» **SUPPLIED DATA**
Segment Open

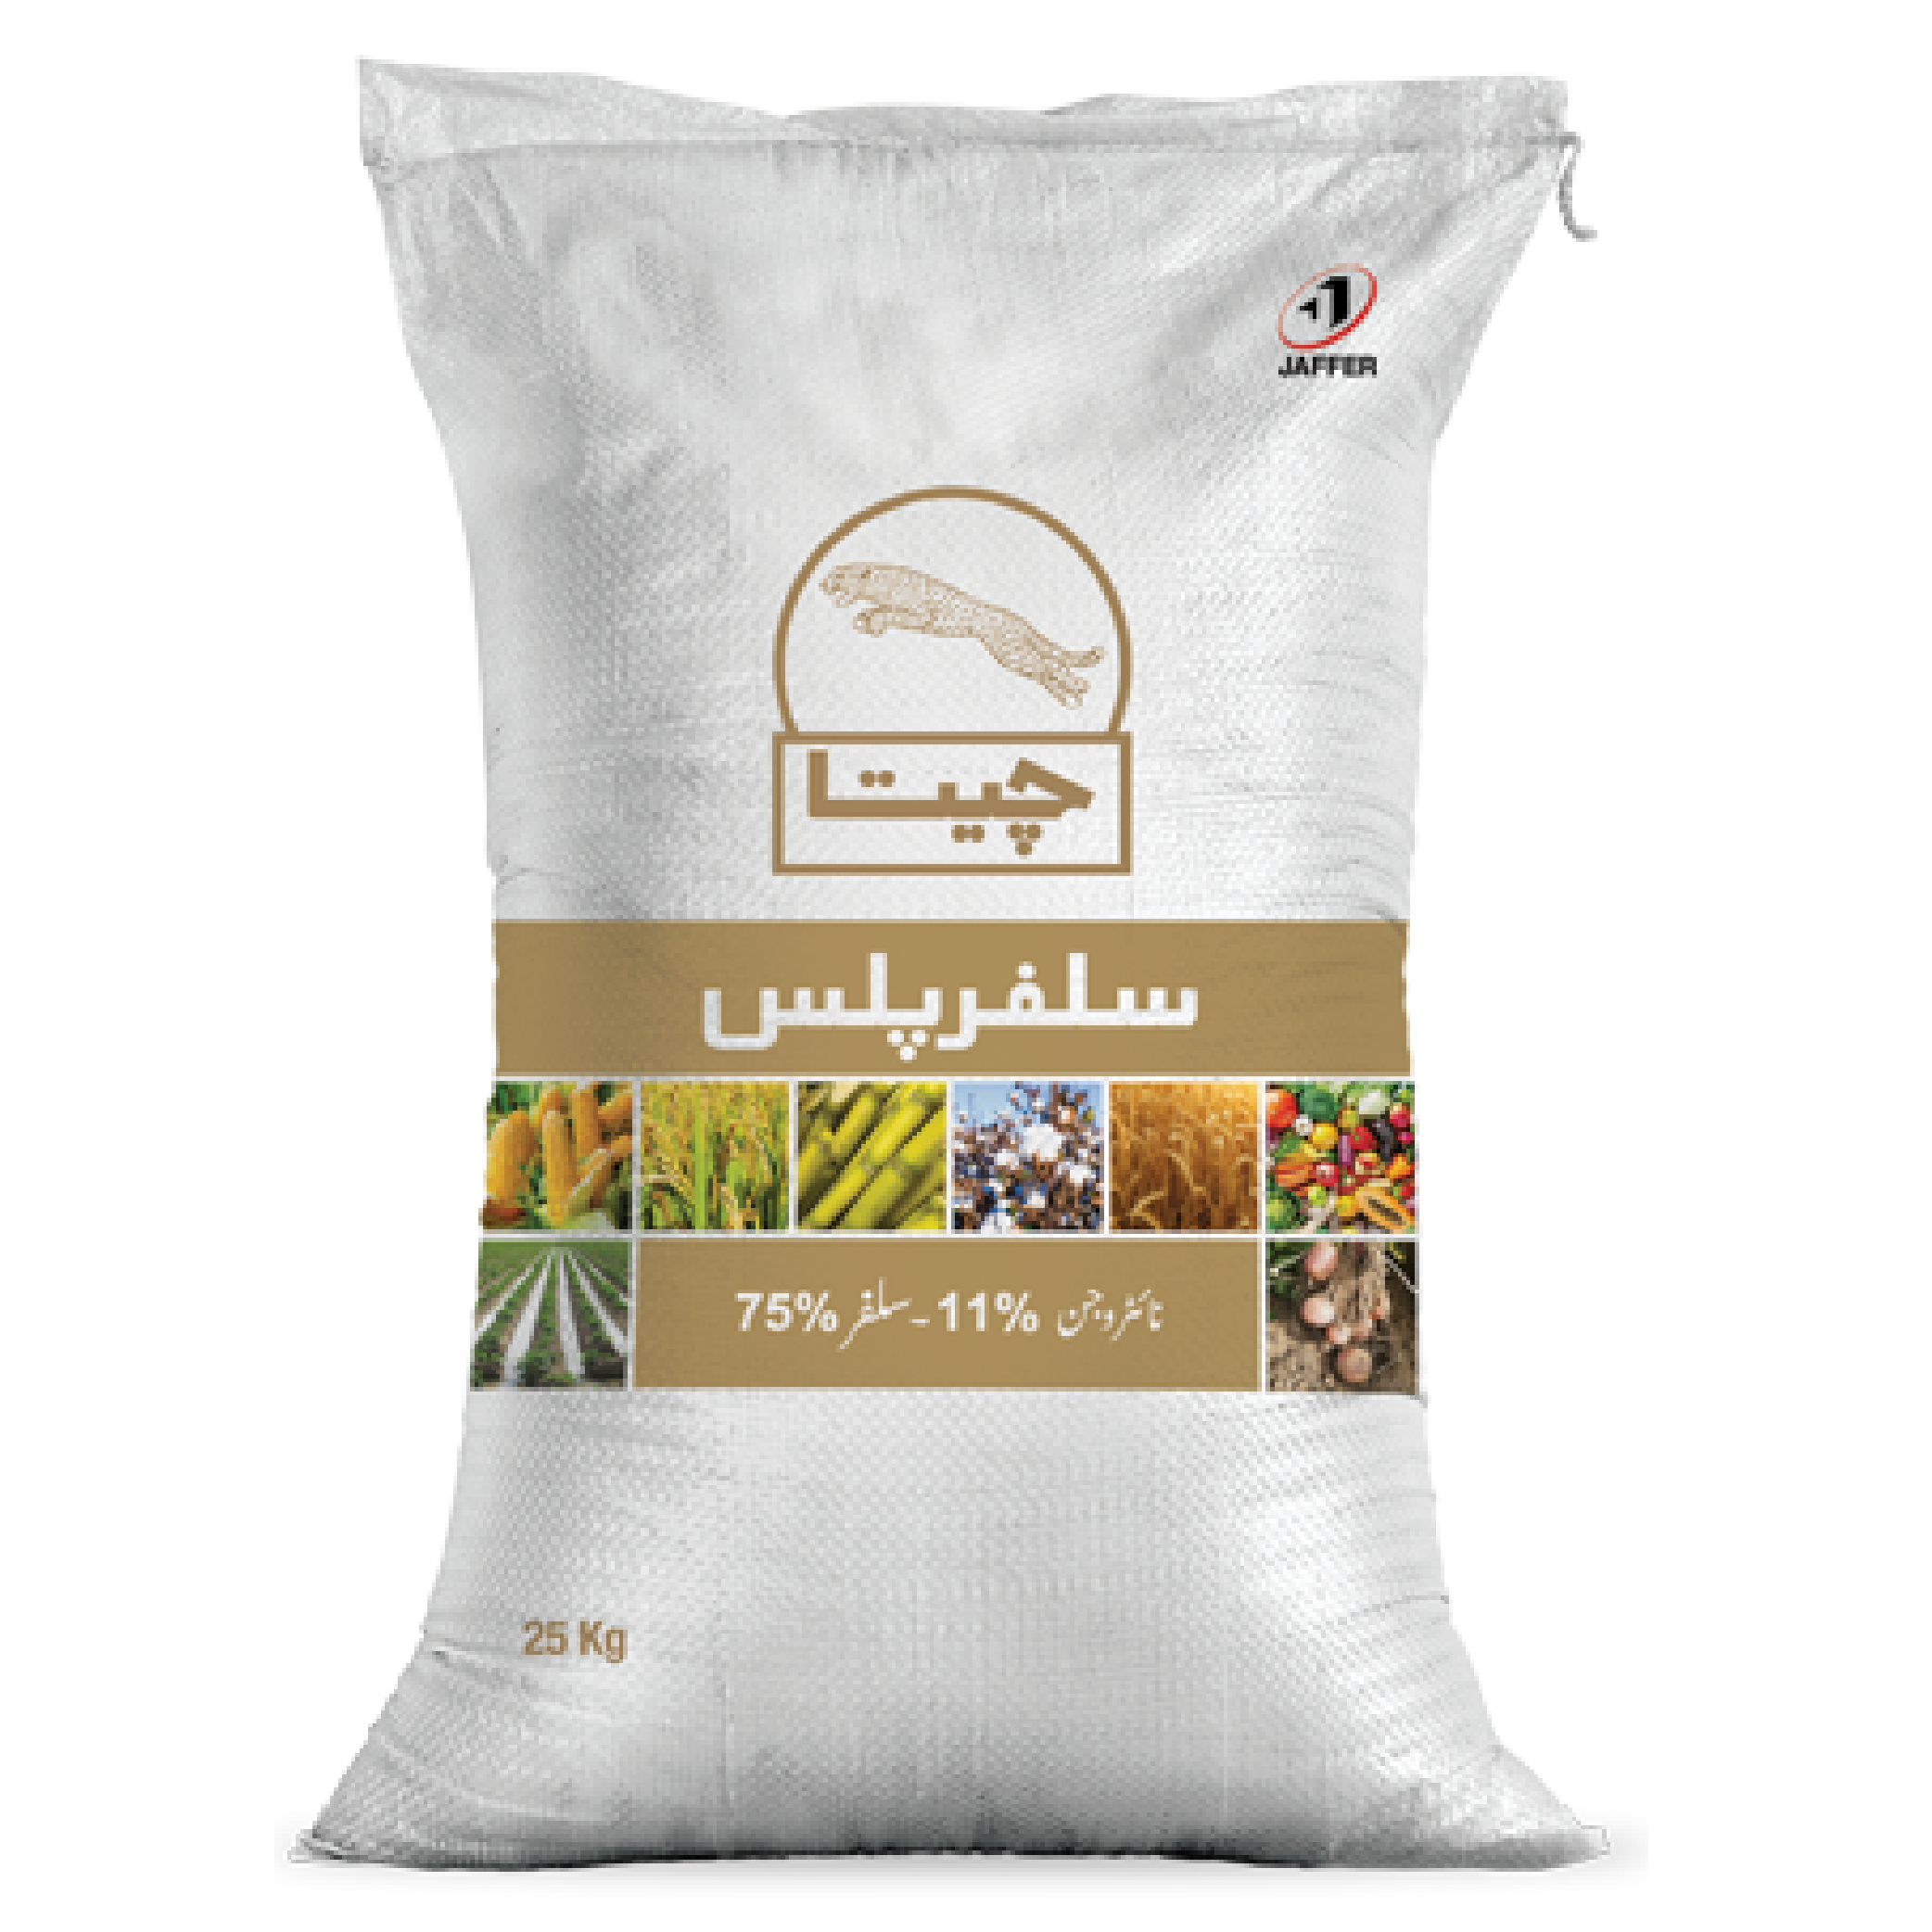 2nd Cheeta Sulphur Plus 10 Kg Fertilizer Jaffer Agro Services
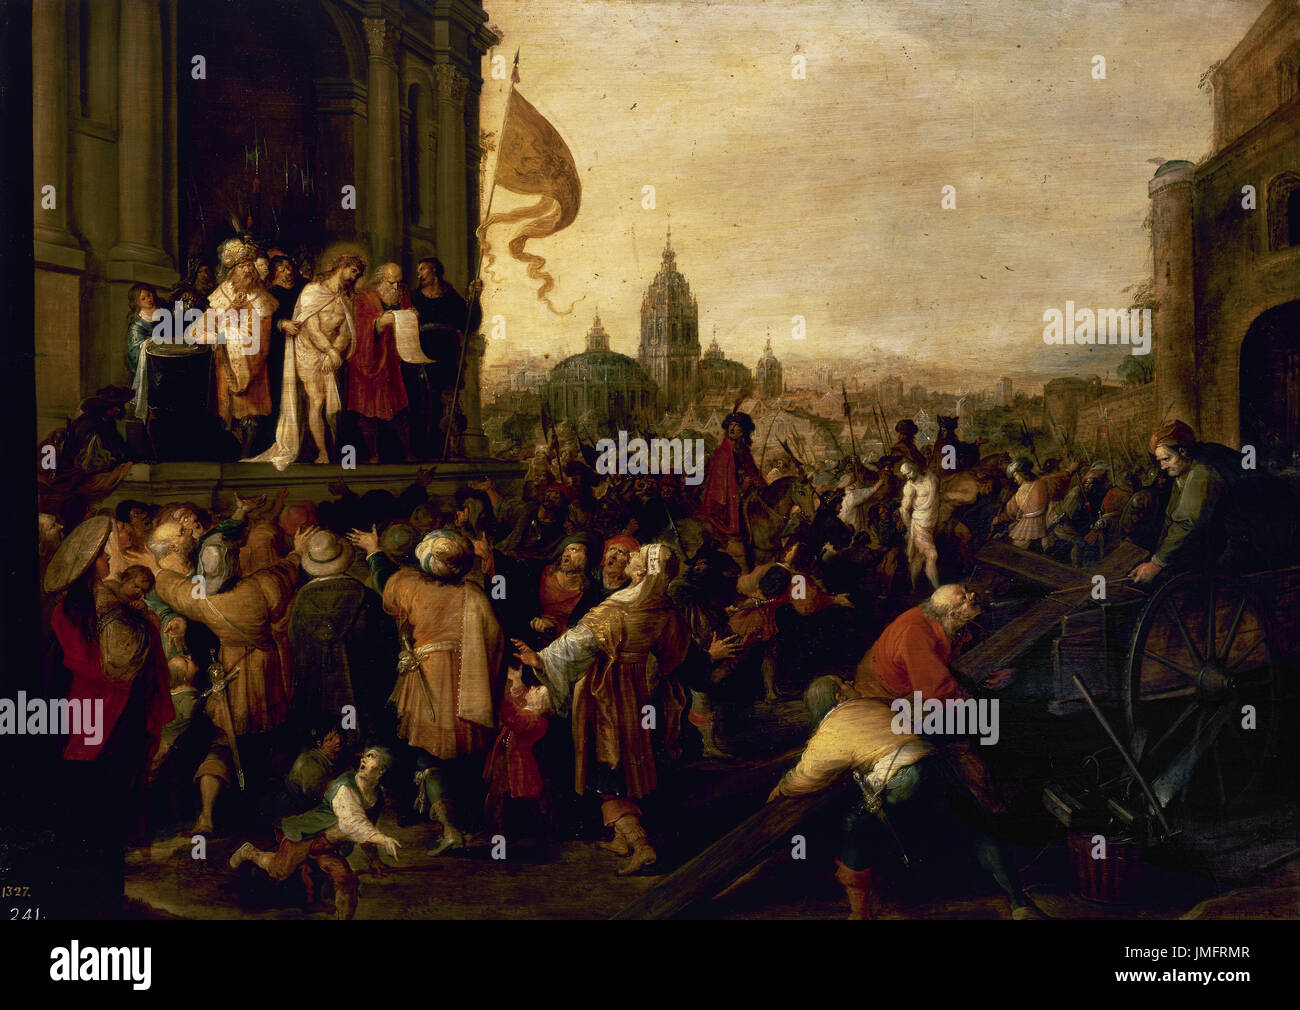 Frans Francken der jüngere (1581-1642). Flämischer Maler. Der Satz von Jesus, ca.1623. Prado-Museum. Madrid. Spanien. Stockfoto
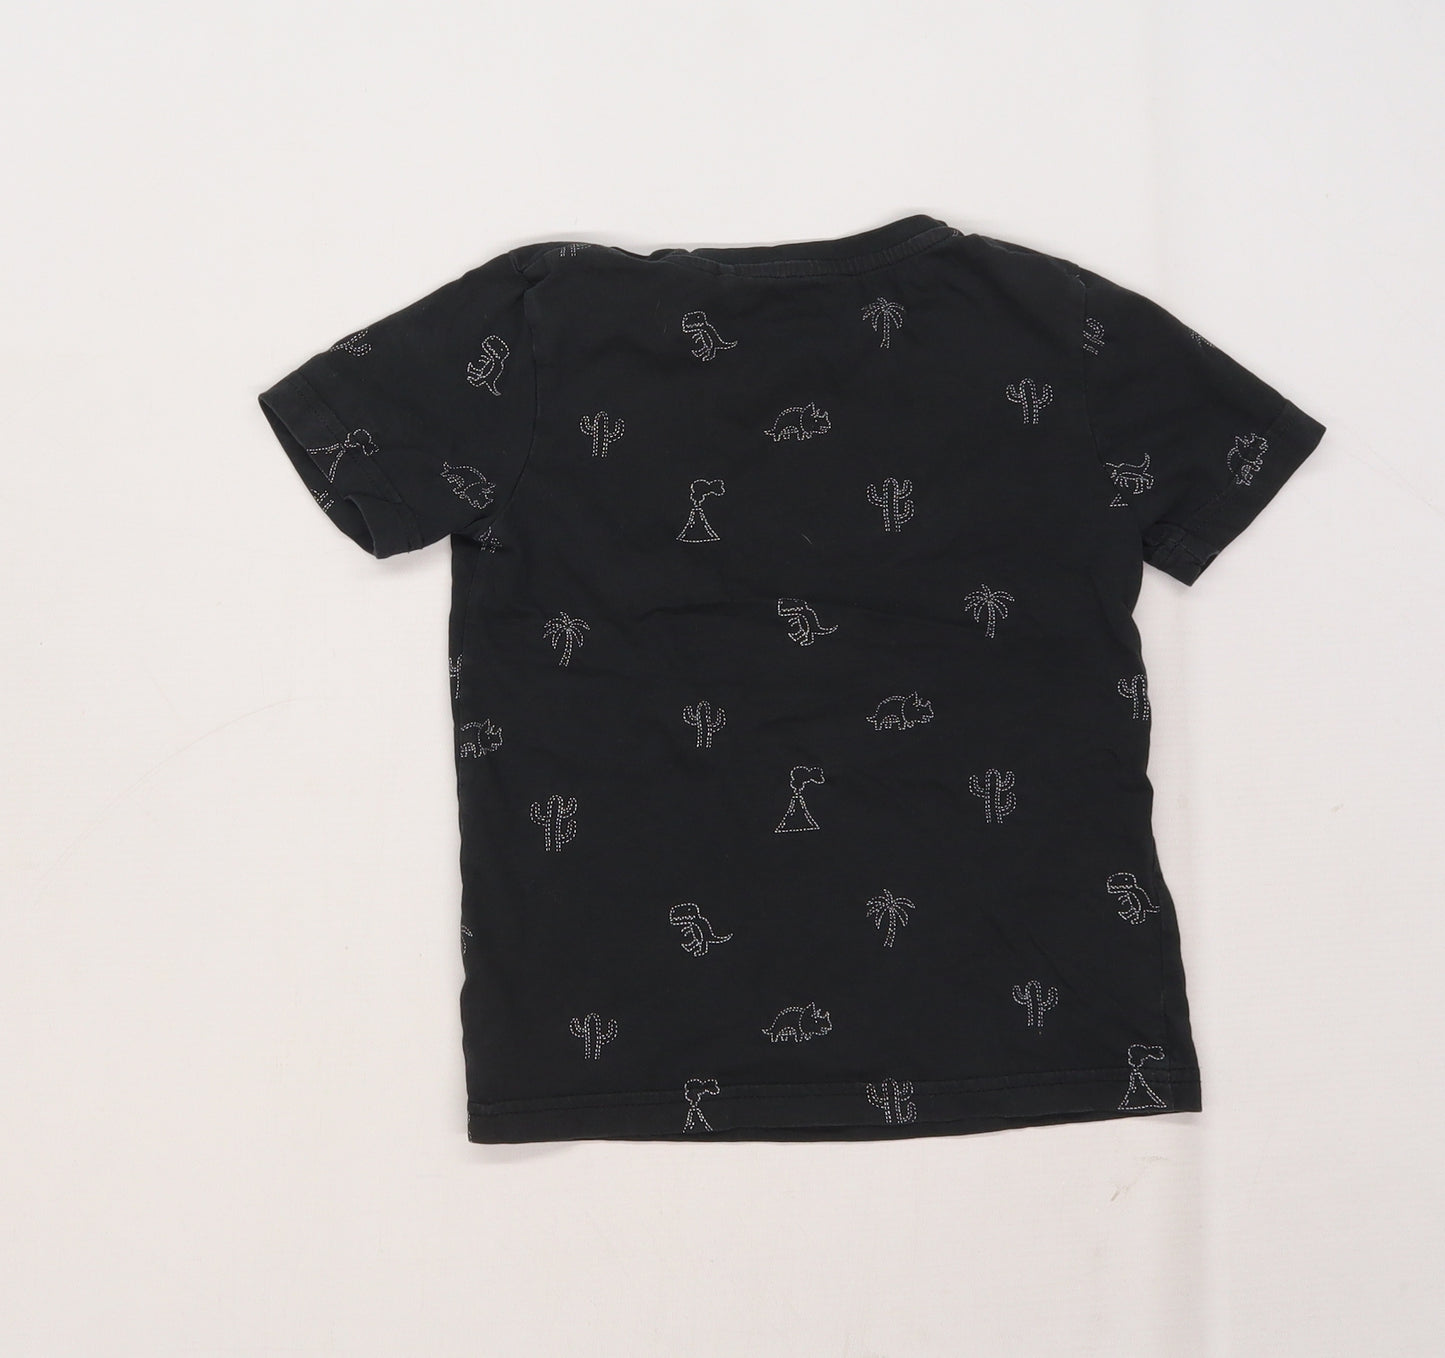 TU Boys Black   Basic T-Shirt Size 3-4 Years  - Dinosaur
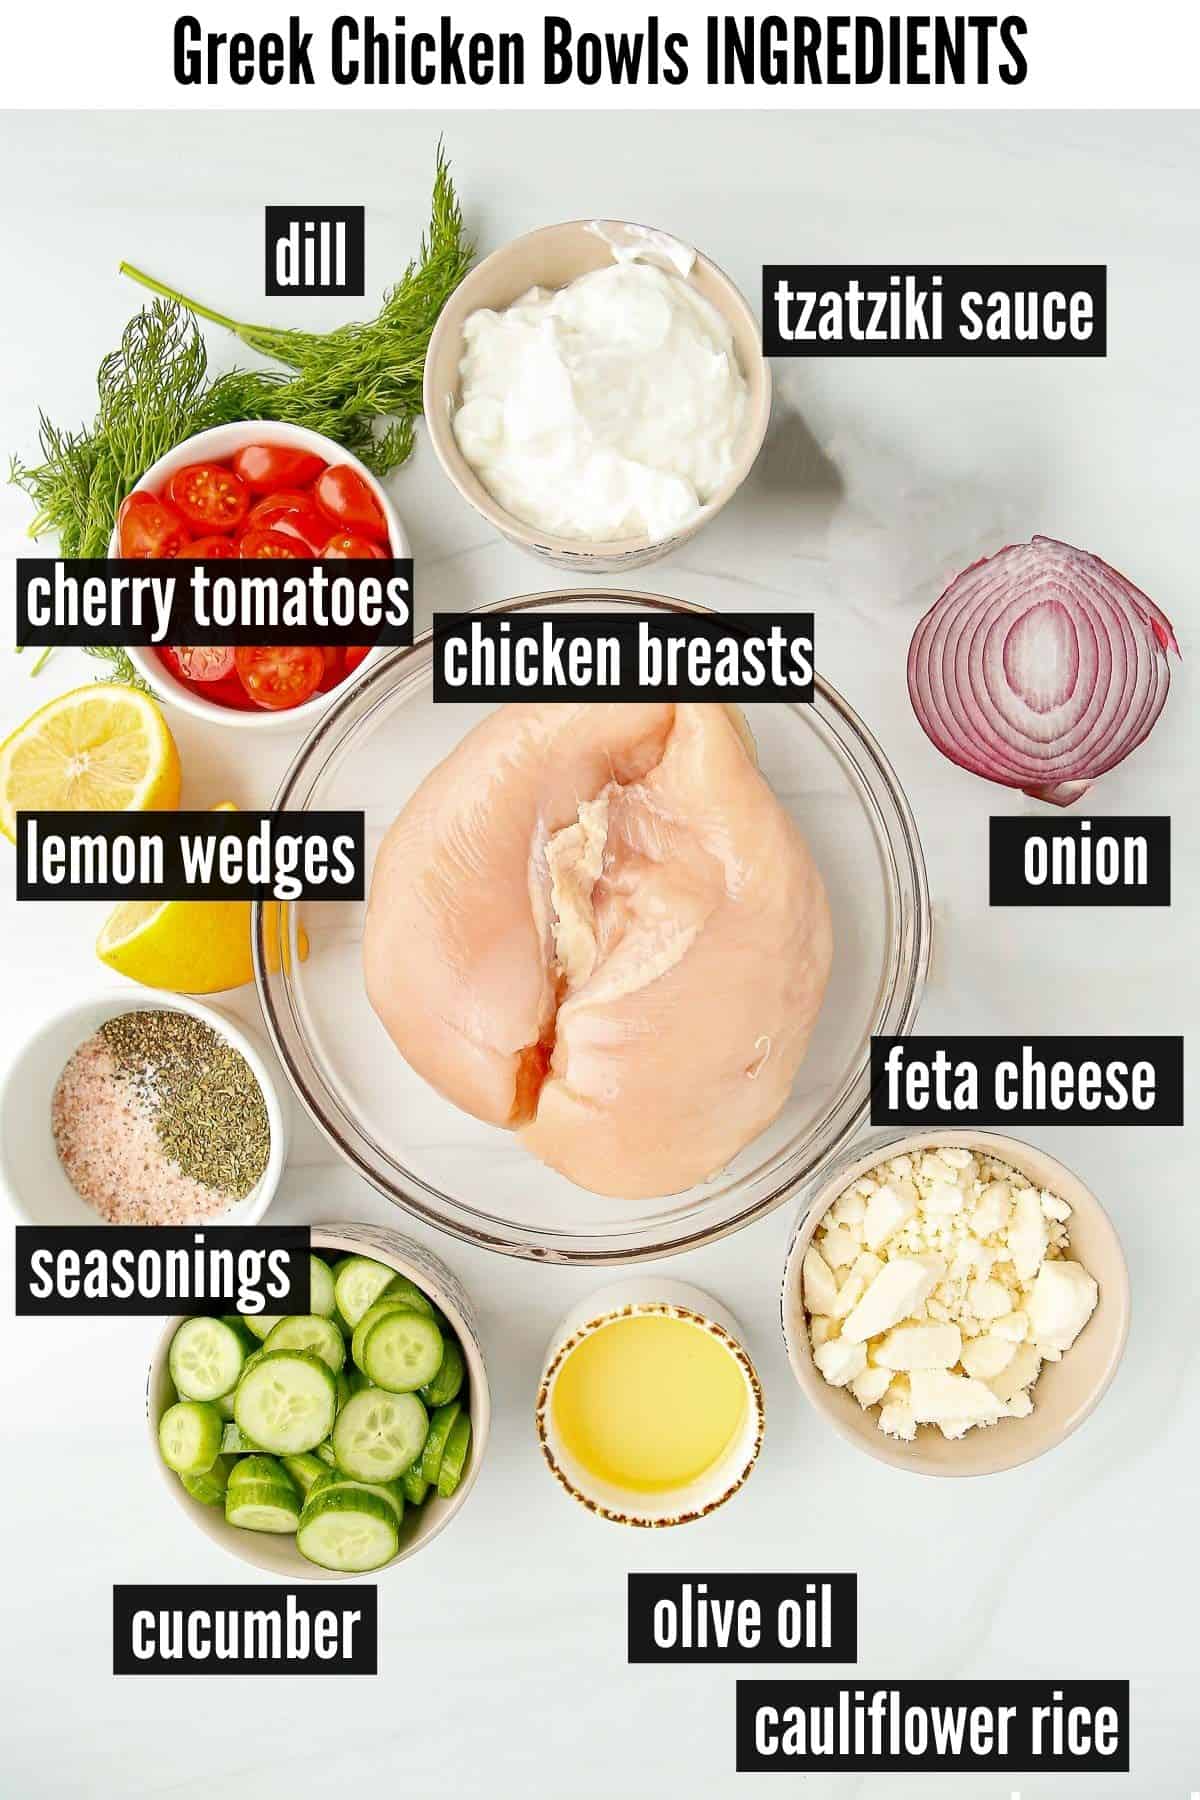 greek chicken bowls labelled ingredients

Segment Closed

» **EXERCISE PROMPT**
Nothing but the lines from the line containing "TU Boys Black" through the end of the data, both ends included, is to be reproduced, exactly as written and without the pictures.

» **TASK ANSWER**
 TU Boys Black   Basic T-Shirt Size 3-4 Years  - Dinosaur
 greek chicken bowls labelled ingredients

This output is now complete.